まず、人間の尊厳という意味ですが、これは人間の持っている尊厳という意味だと思います。「これは私の本です」というとき、私がこの本を持っているということになります。同様に、人間の尊厳というとき、人間が尊厳を持っているということになるでしょう。そうすると人間は一つの価値を持っているということになります。したがいまして、この価値の内容を明らかにすることによって尊厳の意味を理解することが出来ると思います。
ところで、尊厳という言葉の起源は日本でもなく、東洋でもなく、ヨーロッパのようです。今から数百年昔のヨーロッパ中世ではキリスト教が最盛期をむかえ、神は人々から尊敬を受け尊厳を持っておられるが、神は人間をご自分に似せて作られたため、人間も神に似て尊厳を有すると考えられてきました。、
つぎに、尊厳の意味について述べたいと思います。
英語で尊厳はdignityという言葉ですが、フランス語も、イタリア語も、スペイン語も、ほぼ似たような言葉で、いずれも、これらの語源はすべてラテン語のdignitasに遡ります。しかし、このラテン語も尊厳の意味を十分に伝えていません。。
ところで、詳しいラテン語の辞書でdignitasをしらべていると、ギリシャ語のデコマイ(δεχομαι)を参照するよう書かれていましたので、ギリシャ語の辞書を調べたところ、そこに答えが書かれていました。
それは「喜んで受け取る」ということです。ある人の、あるいは、人々の、尊敬、敬愛、好意、賞賛などを喜んで受け取るということで、ある辞書によると、デコマイは名誉のある(honarable)という意味であるという説明のついたのもありました。

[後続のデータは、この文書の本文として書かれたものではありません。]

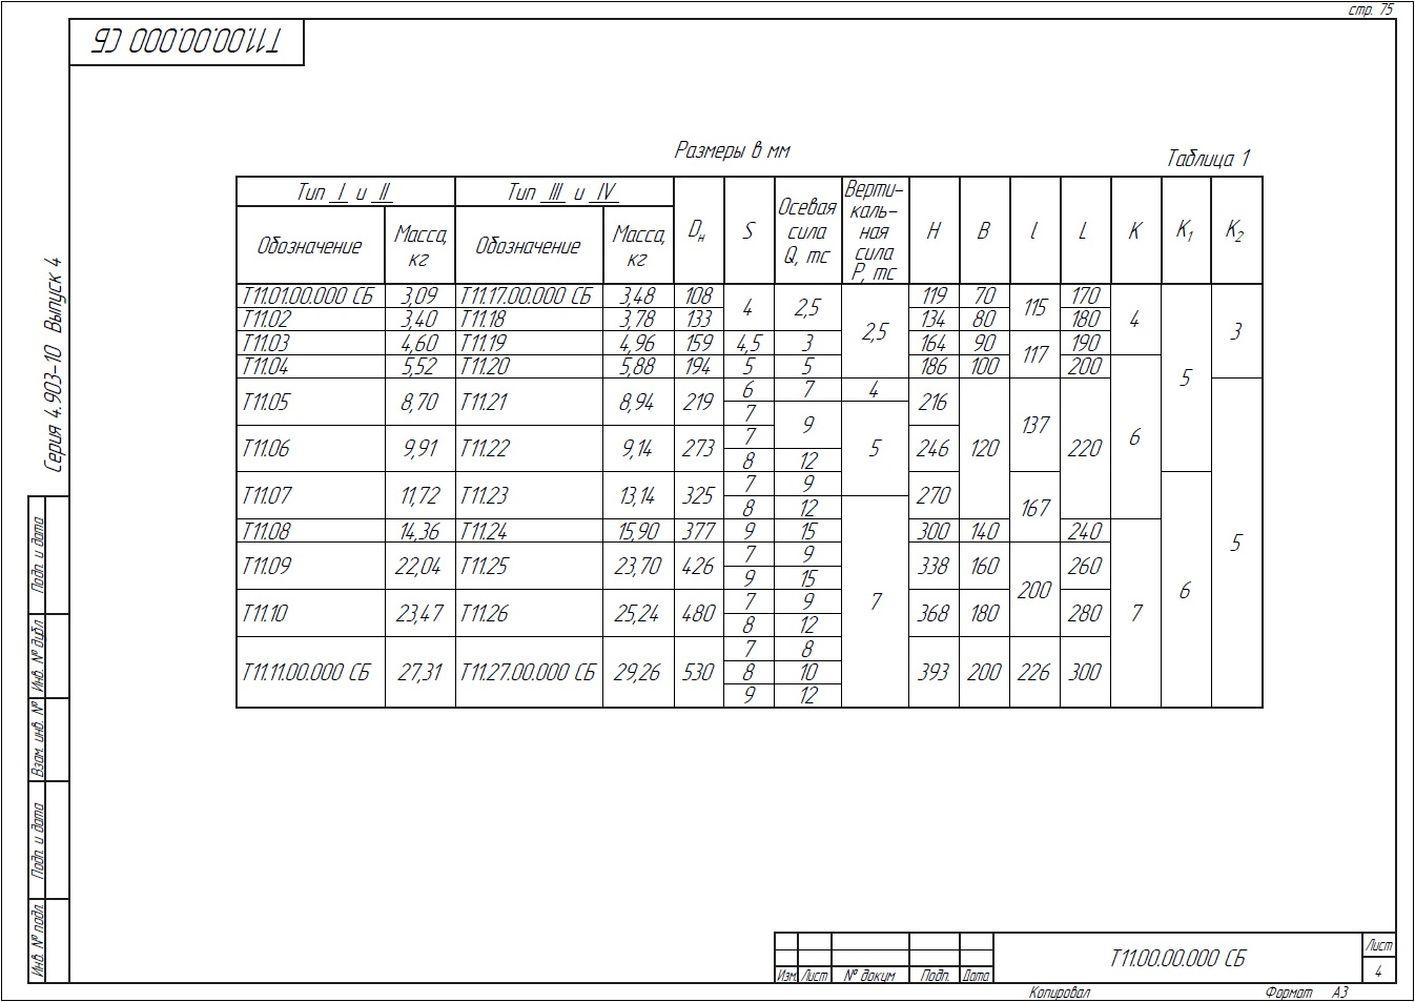 Опора неподвижная хомутовая бескорпусная Т11 серия 4.903-10 вып.4 стр.4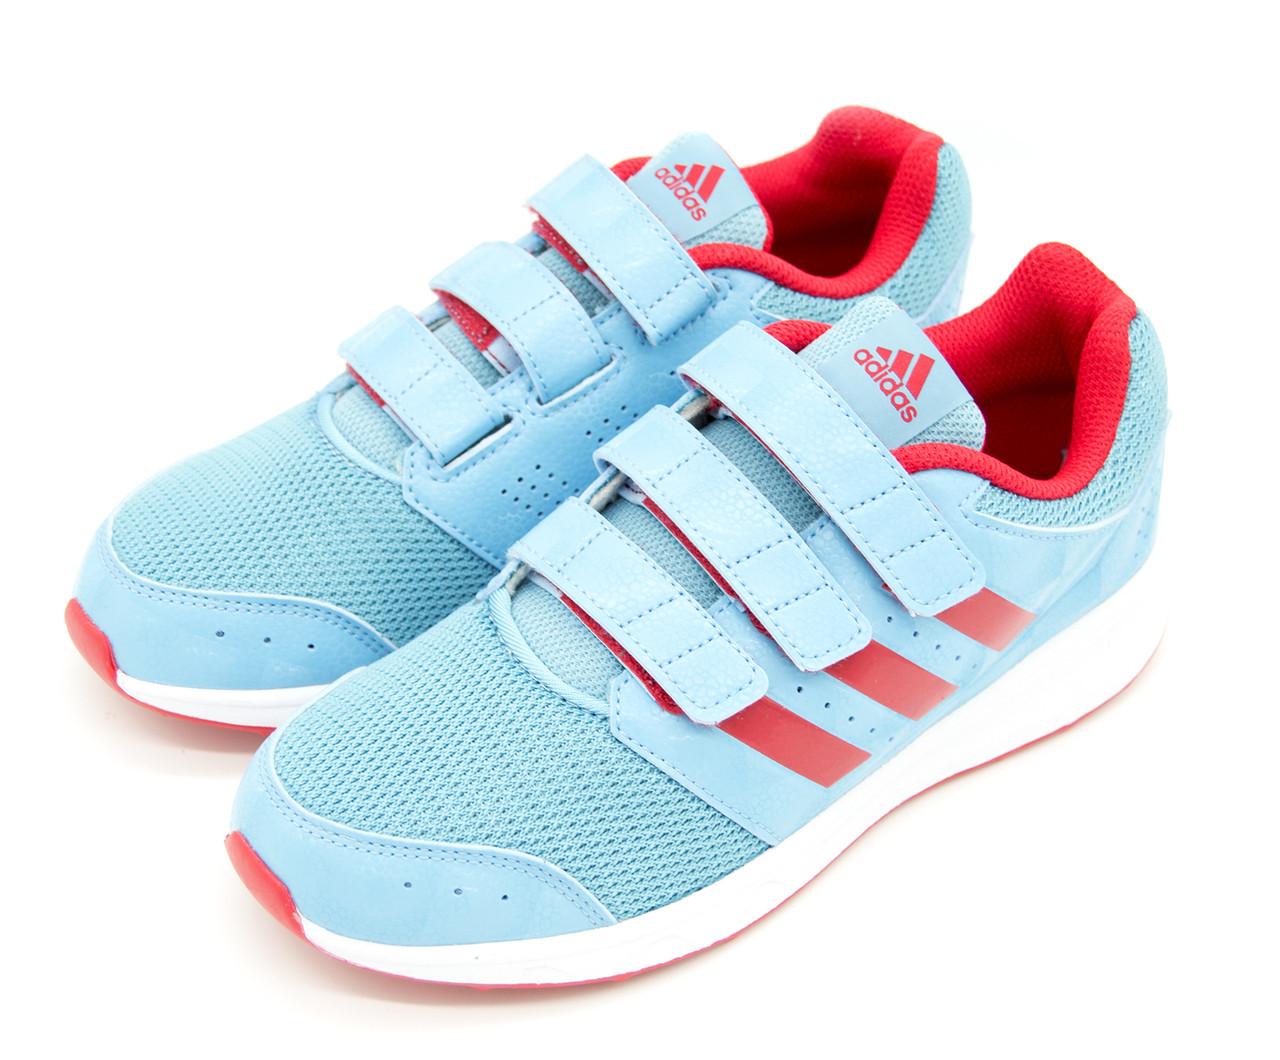 Кроссовки Adidas для детей Размер - 35 1/2 (22,5 см)

、従いまして、尊厳という言葉の奥には、まず、名誉があるということになると思います。しかし、尊厳は単なる名誉ではなく名誉の上に恭しさとか、荘厳とか、畏れ多いなど、特別の尊敬のための感情、精神状態あるいは環境が加わっているのではないかと考えられます。
派遣労働者と正規社員とでは、同じ仕事をしていても、給料も、待遇も、将来の保証も異なり、このような差別は、派遣労働者の名誉を傷つけ人間の尊厳に反するということが出来るでしょう。
尊厳死という言葉もありますがこれは死をめぐる難しい問題であるため別の機会に考えてみたいと思います。
人間の尊厳について以上のように考えてみました。